Abstract
Background
The epidemic of obesity and diabetes is increasing within the USA and worldwide. We have previously shown that body mass index has increased significantly in autosomal dominant polycystic kidney disease (ADPKD) subjects seen at our center in more recent years. However, the impact of Type II diabetes in ADPKD patients has not been well studied.
Methods
This retrospective cohort study compared clinical characteristics in 44 pre-renal transplant patients with ADPKD and diabetes and 88 age- and sex-matched non-diabetic patients with ADPKD who were seen at the University of Colorado between 1977 and 2008. The primary outcomes in this study were renal volume determined by renal ultrasonography, renal function assessed by estimated glomerular filtration rate and time to onset of end-stage renal disease or death by Kaplan–Meier analyses.
Results
Diabetic patients had significantly larger kidney volumes than those with ADPKD alone [geometric mean (95% confidence interval (CI)]: 2456 (1510–3992) versus 1358 (1186–1556) cm3, P = 0.02. Among those whose age at hypertension diagnosis was known, the diabetic ADPKD patients had earlier median (95% CI) age at onset of hypertension compared to those with ADPKD alone: 32.5 (28–40) versus 38 (35–42) years, P = 0.04. Diabetic ADPKD patients tended to have an earlier median age of death than those with ADPKD alone.
Conclusions
Patients with ADPKD and type II diabetes have larger renal volumes, earlier age at diagnosis of hypertension and may die at a younger age compared to those patients with ADPKD alone. This study emphasizes the importance of diabetes risk management in ADPKD.

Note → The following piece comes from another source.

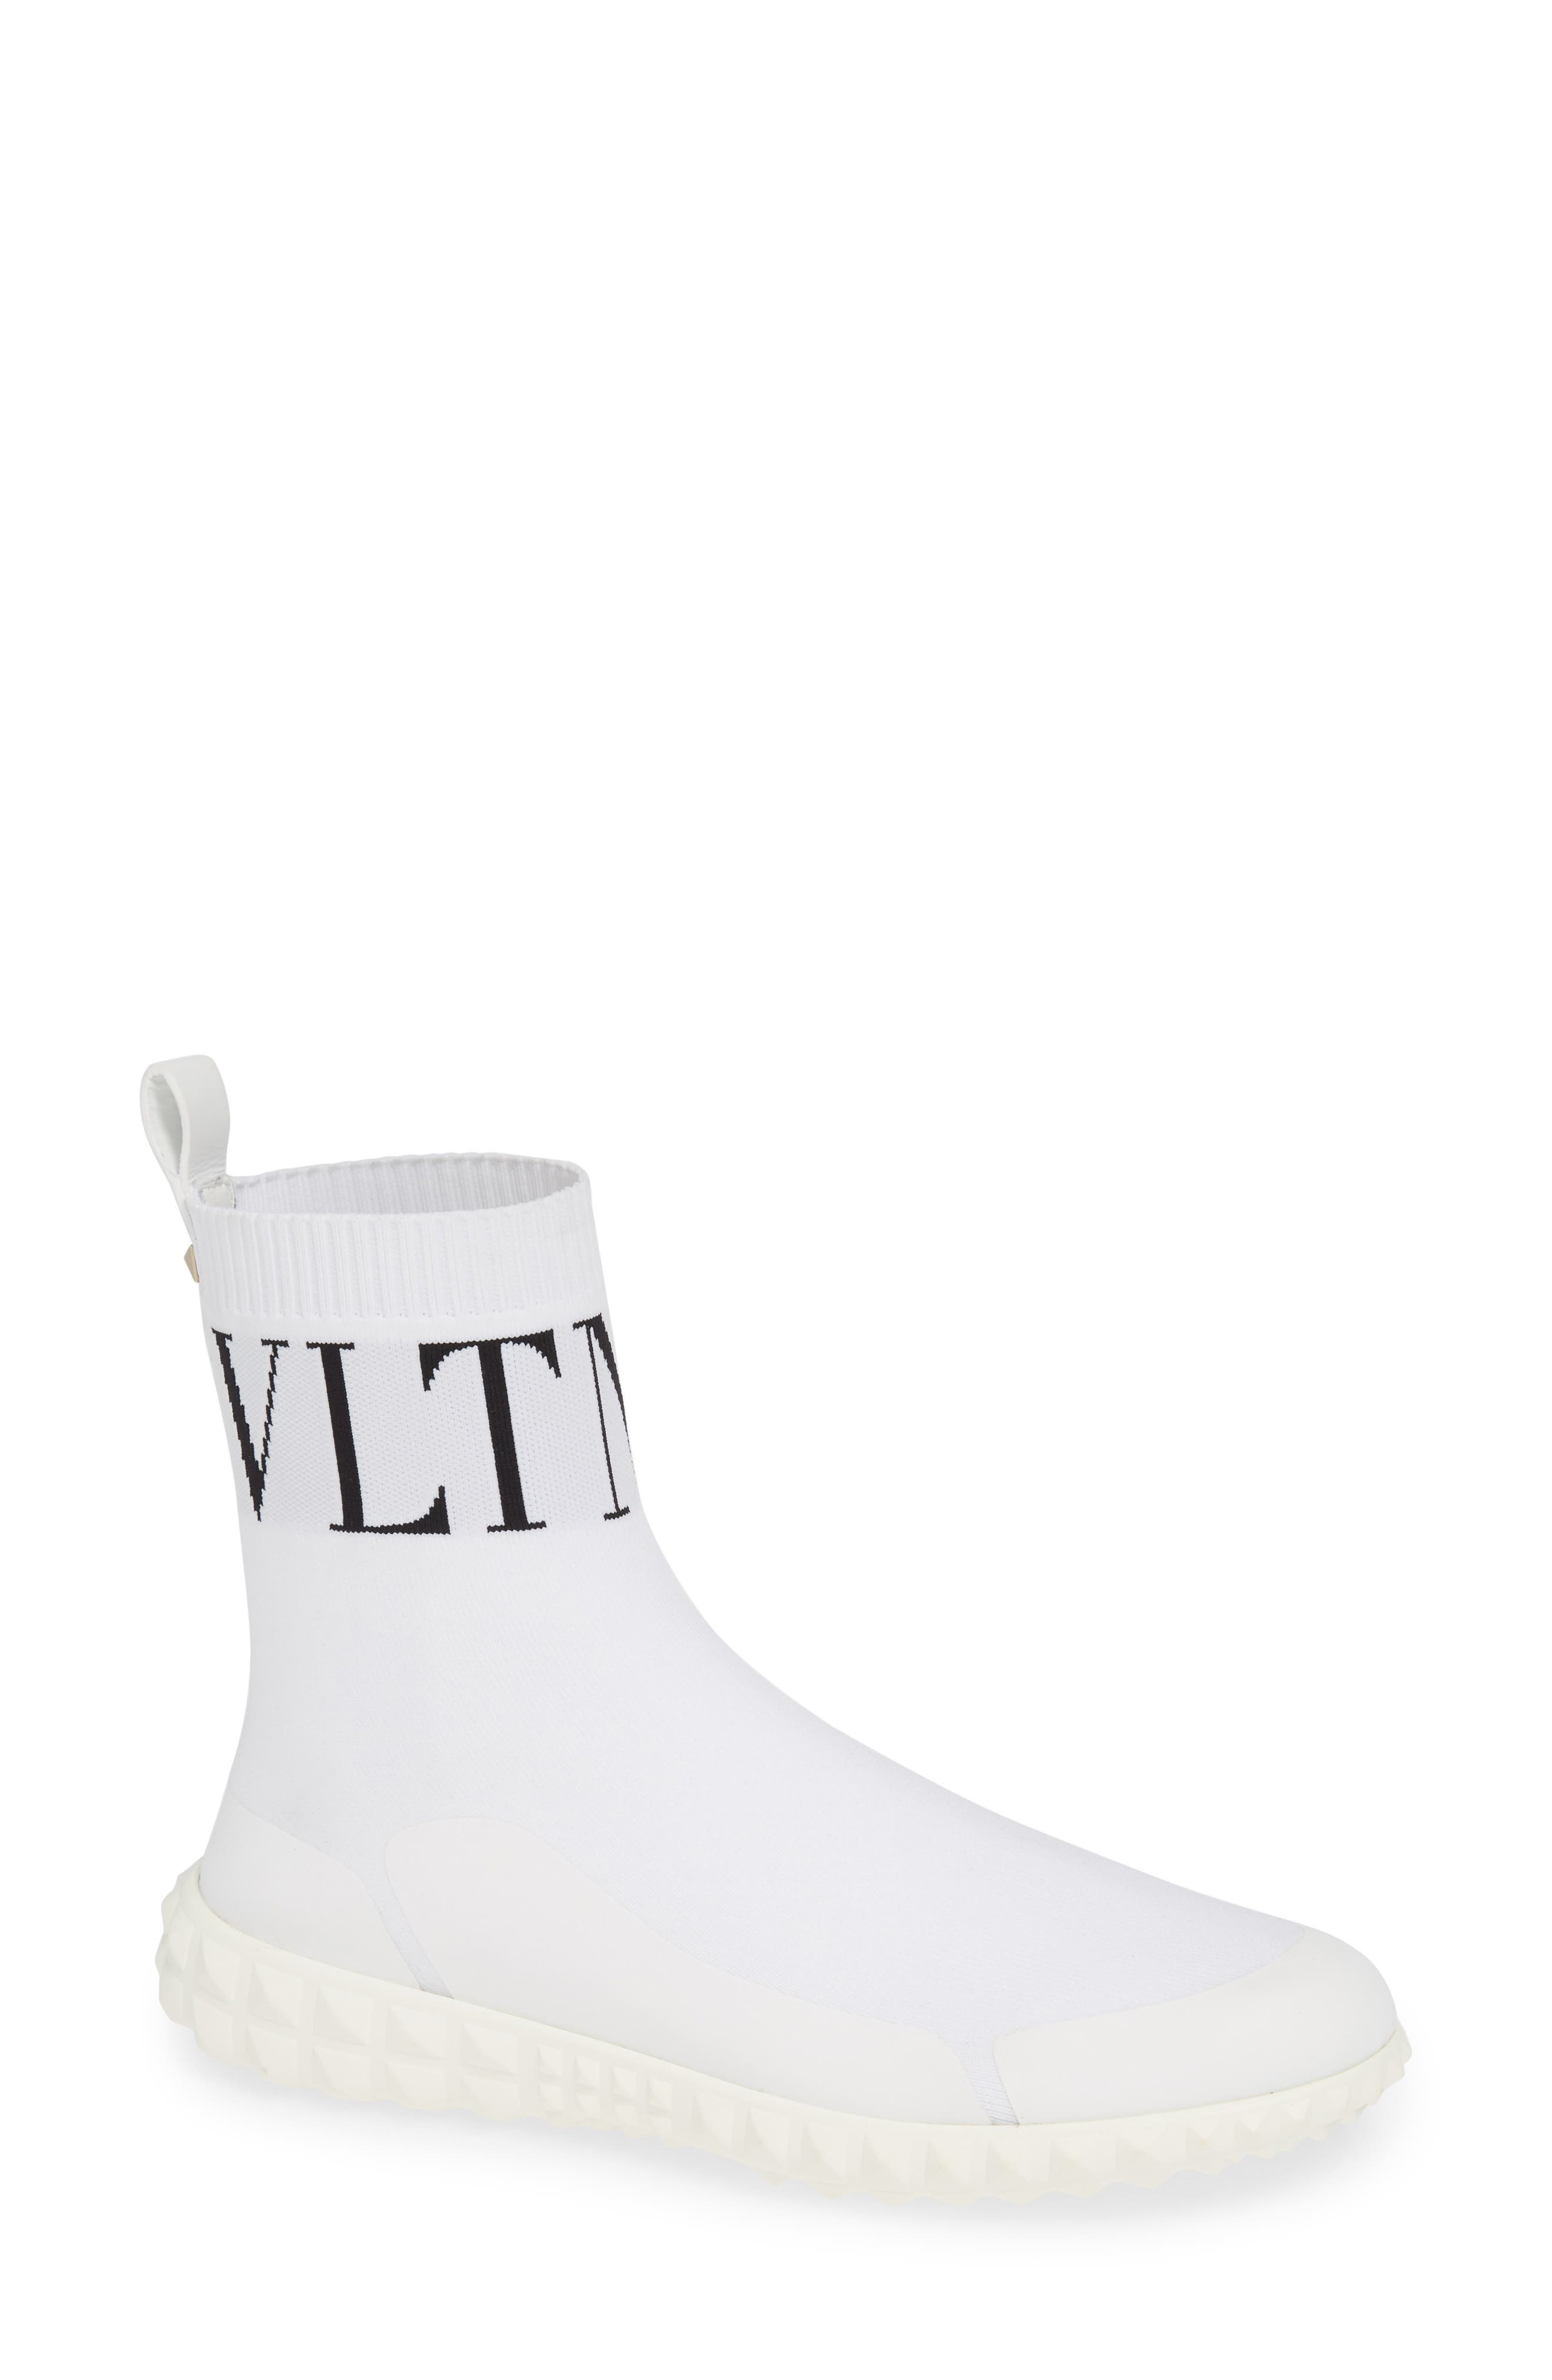 VALENTINO GARAVANI VLTN Slip-On Sock Sneaker, Main, color, WHITE

Keywords: ADPKD, chronic kidney disease, diabetes, hypertension, renal failure
Introduction
Autosomal dominant polycystic kidney disease (ADPKD) is the most common potentially lethal genetic disorder affecting 1 in 400 live births [1]. Currently, ADPKD accounts for between 5 and 10% of individuals initiating renal replacement therapy, thus understanding the factors that impact renal disease progression in ADPKD and implementation of measures to preserve renal function and delay onset of end-stage renal in this population is essential.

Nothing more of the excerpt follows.